Thyroid cancer — When patients with thyroid cancer are treated with iodine-131 (131-I), it is sometimes helpful to increase retention of the isotope by cancer tissue. Lithium can prolong 131-I retention by thyroid tissue. In one study of 15 patients who had diagnostic 131-I scans before and then again after receiving lithium for one to two days, 131-I retention was higher and more prolonged during lithium administration in metastatic lesions and the thyroid remnants in most patients, so that the estimated 131-I dose to the metastases was higher [31]. Whether these findings will result in improved eradication of metastases remains to be determined. In a study of 12 patients with metastatic differentiated thyroid cancer who had previously received radioiodine therapy without lithium and who did not have a response despite radioiodine accumulation in metastases, treatment with lithium immediately prior to another dose of radioiodine did not have any beneficial effects on the clinical course (assessed by thyroglobulin levels and radiographs) [32]. In the absence of clinical trial data showing a beneficial effect, we do not suggest using lithium as an adjunct to radioiodine. This approach is consistent with the American Thyroid Association clinical practice guidelines [33]. (See "Differentiated thyroid cancer: Radioiodine treatment".)
SUMMARY AND RECOMMENDATIONS
●Lithium increases intrathyroidal iodine content, inhibits the coupling of iodotyrosine residues to form iodothyronines (thyroxine [T4] and triiodothyronine [T3]), and inhibits release of T4 and T3. (See 'Introduction' above.)
●Lithium can cause goiter and hypothyroidism, and its use has been associated with both thyroid autoimmunity and hyperthyroidism.
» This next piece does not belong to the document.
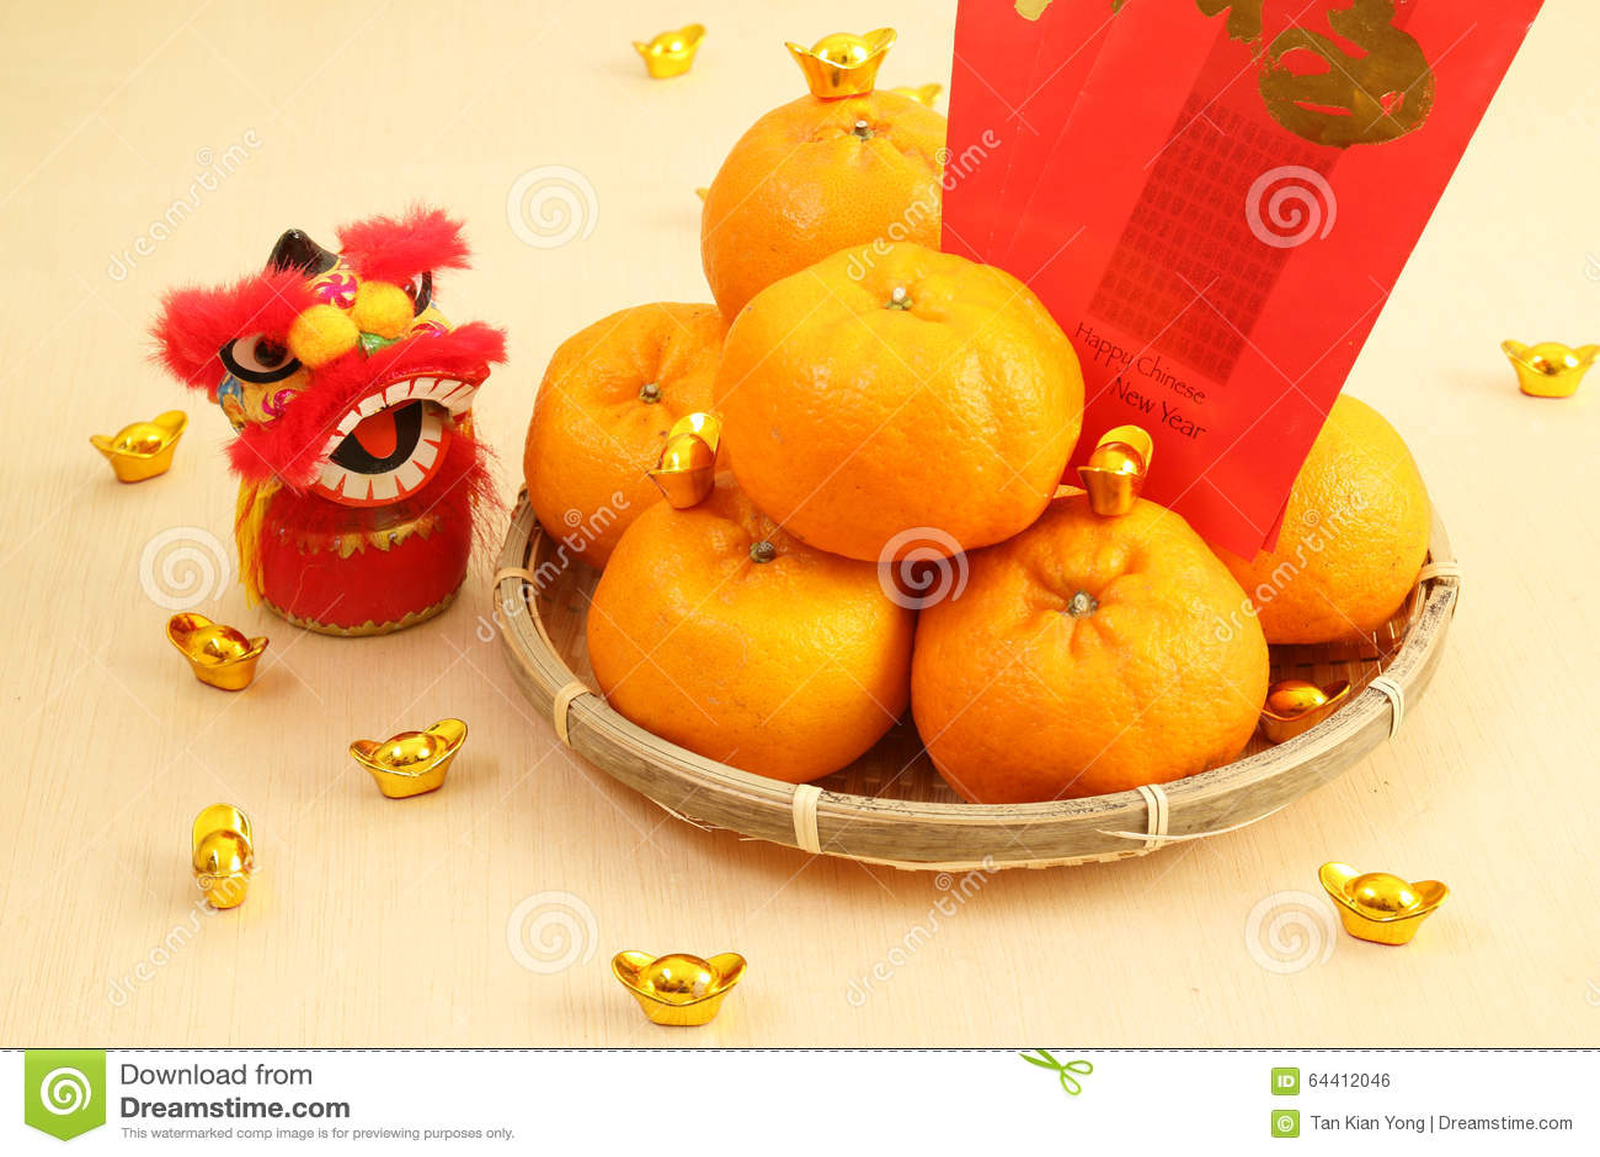 how to write the year in mandarin
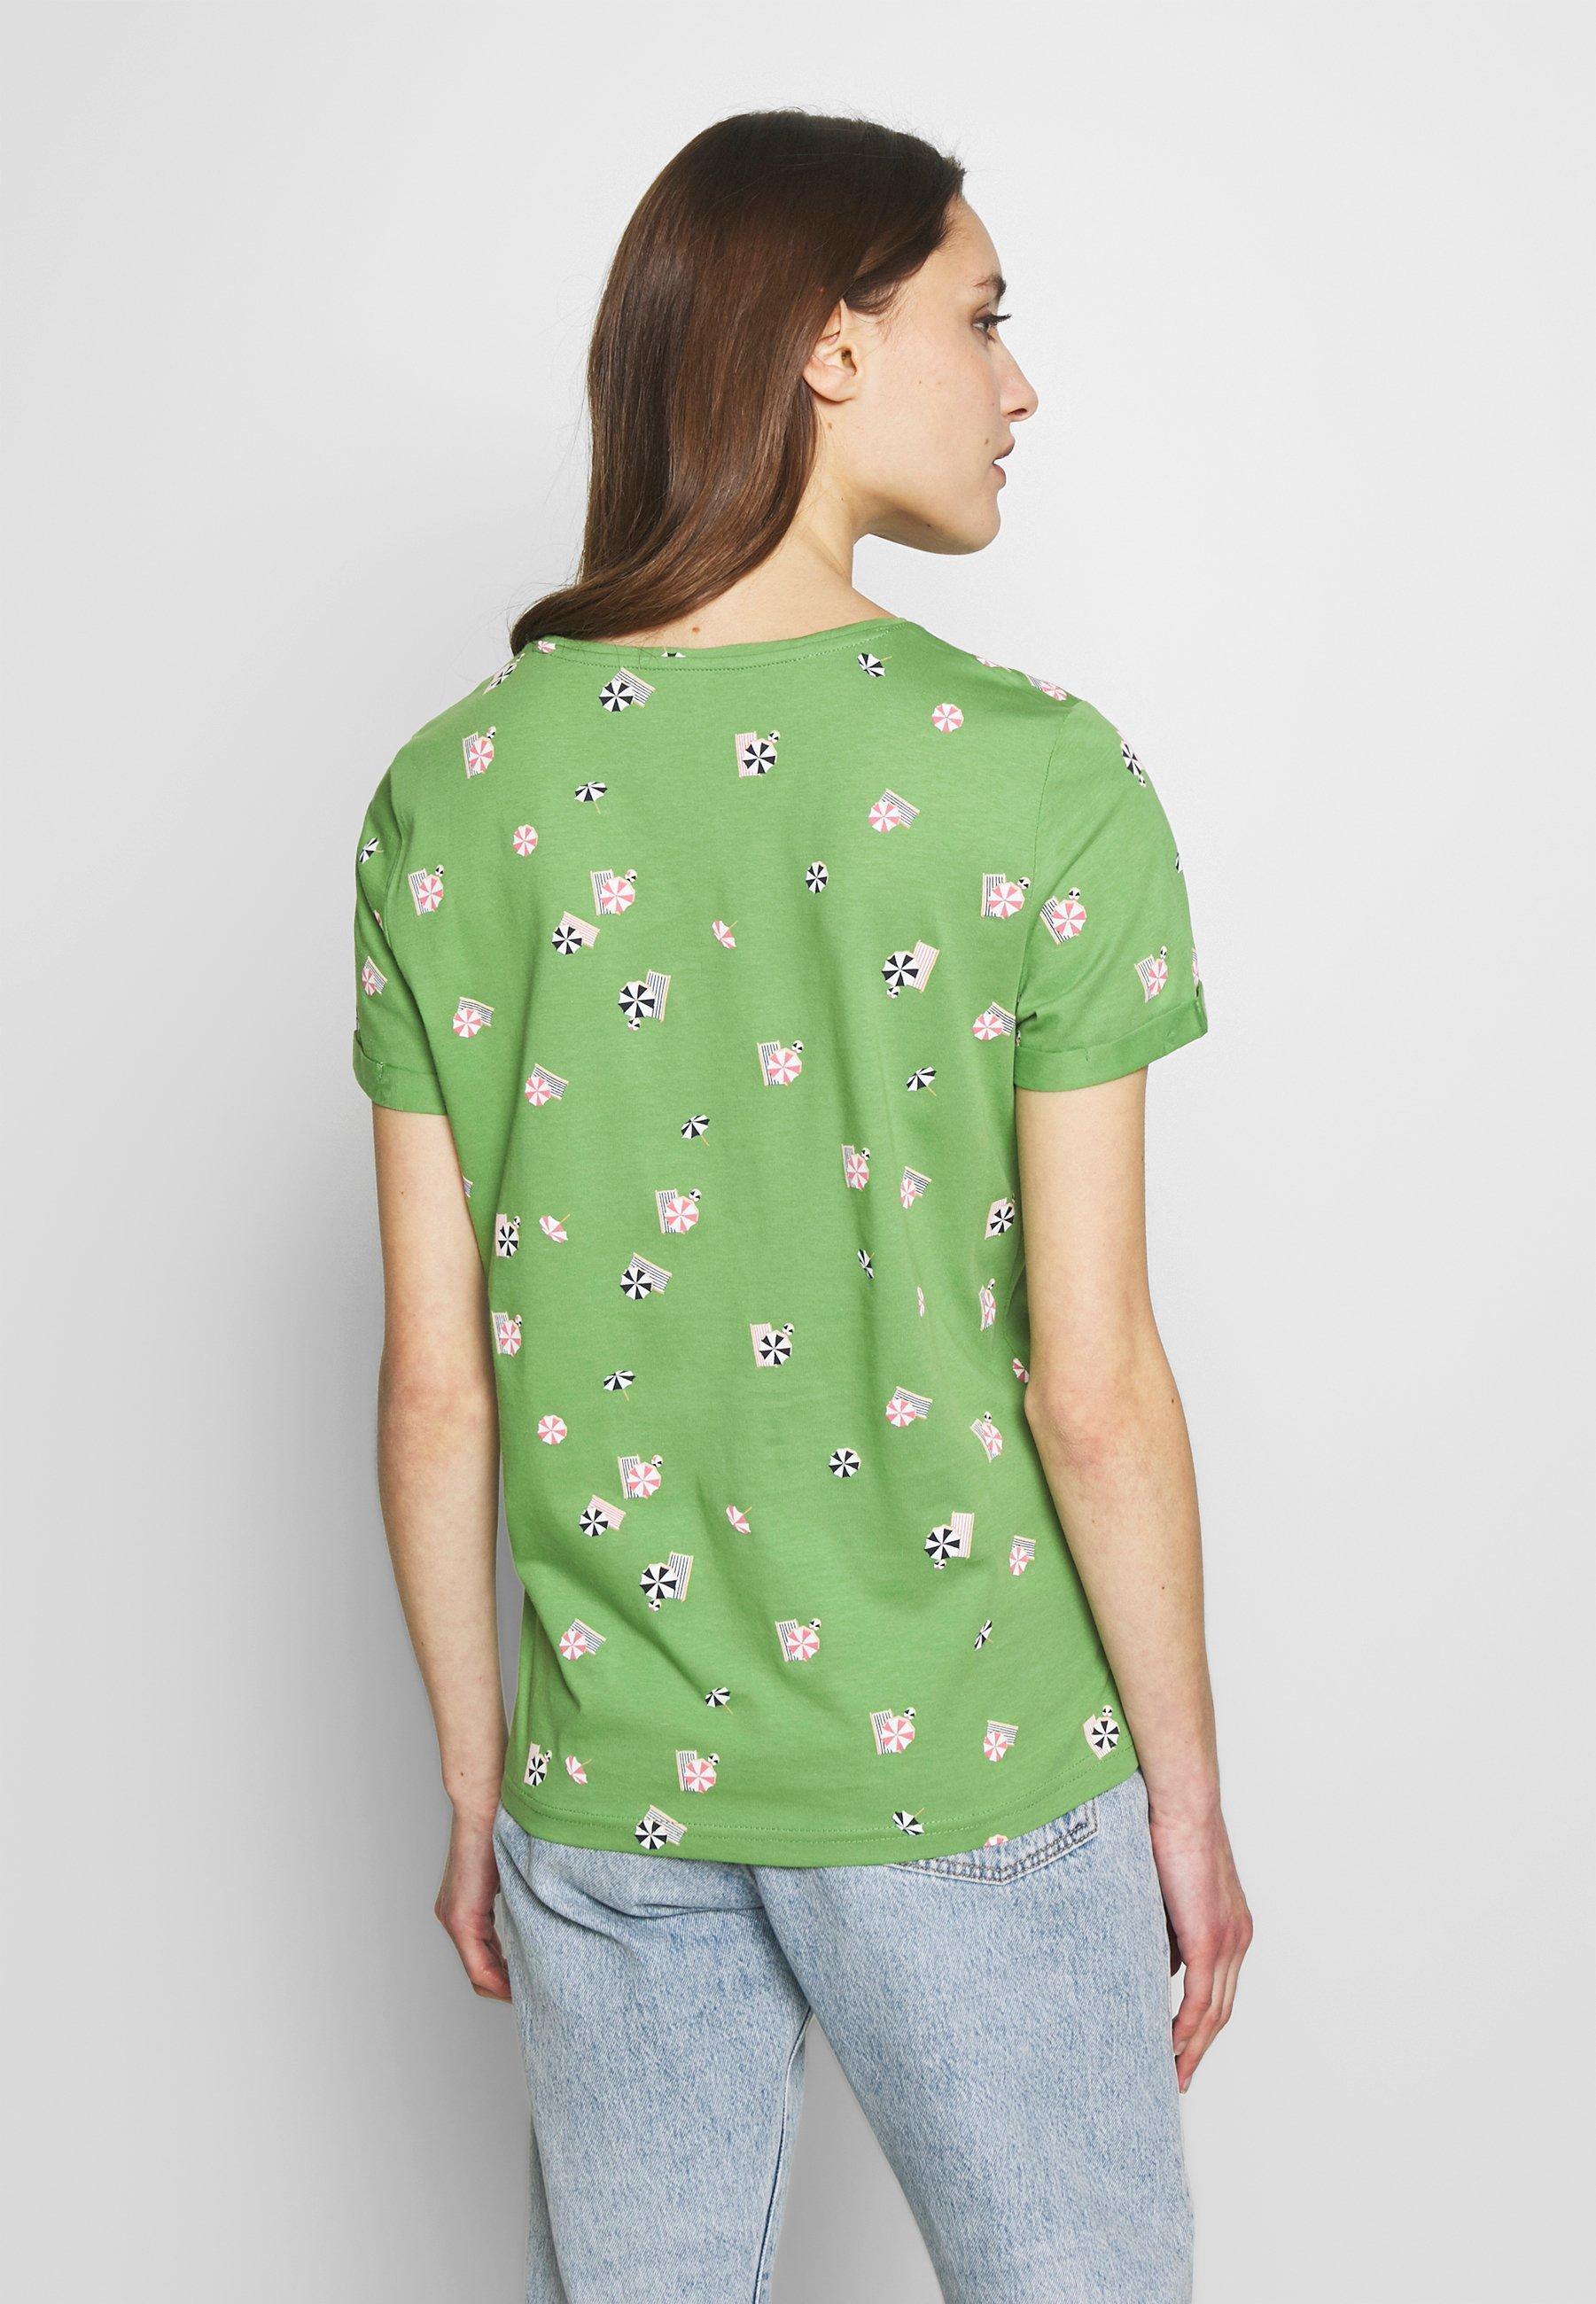 TOM TAILOR CREW NECK - T-shirts med print - green parasol design green

Goiter and hypothyroidism are more common, occurring in approximately 40 to 50 and 20 to 30 percent, respectively, of patients treated with lithium. (See 'Thyroid disease in lithium-treated patients' above.)
●Because of the high incidence of thyroid dysfunction that occurs during lithium treatment, patients should have a careful thyroid physical examination and determination of serum thyroid-stimulating hormone (TSH) and antithyroid peroxidase antibody titers before lithium treatment is begun. Patients with normal thyroid function initially should be reevaluated every 6 to 12 months for several years, and thyroid dysfunction should be treated if diagnosed. The development of thyroid dysfunction does not typically require discontinuation of lithium. If thyroid function is abnormal at the initial evaluation, lithium can still be given if necessary, but the thyroid dysfunction should be treated. (See 'Thyroid disease in lithium-treated patients' above.)
●Because of its ability to inhibit thyroid secretion, lithium has been used in the treatment of several thyroid diseases. However, it is not used as first-line therapy, because of side effects and the availability of other antithyroid drugs. (See 'Lithium treatment of thyroid disorders' above.)